From his post Mindful in the City.
He is author of Urban Mindfulness: Cultivating Peace, Presence, and Purpose in the Middle of It All.
Article: Psychotherapist Sarah Chana Radcliffe on technologies for growth – She talks about approaches including Tapping or Emotional Freedom Techniques (EFT), and Holosync audio CDs.
Book: Emotional Intelligence: Why It Can Matter More Than IQ, by Daniel Goleman — “Marshaling emotions in the service of a goal is essential for paying attention, for self-motivation and mastery, and for creativity. Emotional self-control – delaying gratification and stifling impulsiveness – underlies accomplishment of every sort.”
In his book Mastering Creative Anxiety, Eric Maisel, PhD suggests several affirmations or “thought substitutes” such as: “My body may be acting up, but I am all right; My emotions may be acting up, but I am all right; I write, but I am not my current novel; Whatever happens, the essential me will be fine.”

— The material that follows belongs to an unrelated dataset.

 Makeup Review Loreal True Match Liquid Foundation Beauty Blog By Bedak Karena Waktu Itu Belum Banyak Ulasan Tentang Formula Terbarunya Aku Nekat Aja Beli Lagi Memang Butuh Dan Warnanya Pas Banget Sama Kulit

Article: Emotion Regulation: The 25th Character Strength, by Laura L.C. Johnson, from Positive Psychology News Daily. – “Your interpretation – either positive or negative – can influence your emotions and aftereffects, physical sensations and behaviors. One way to regulate your emotions is to be mindful of how you interpret situations.”
CD program: Mindful Solutions for Stress, Anxiety, and Depression — Author Elisha Goldstein, PhD notes: “With things like depression or anxiety oftentimes people have certain styles of thinking, like catastrophizing, which is this idea that we are always expecting disasters, something terrible is going to happen from some little event that happens. We really blow it up and magnify it and this tends to amplify our anxiety.”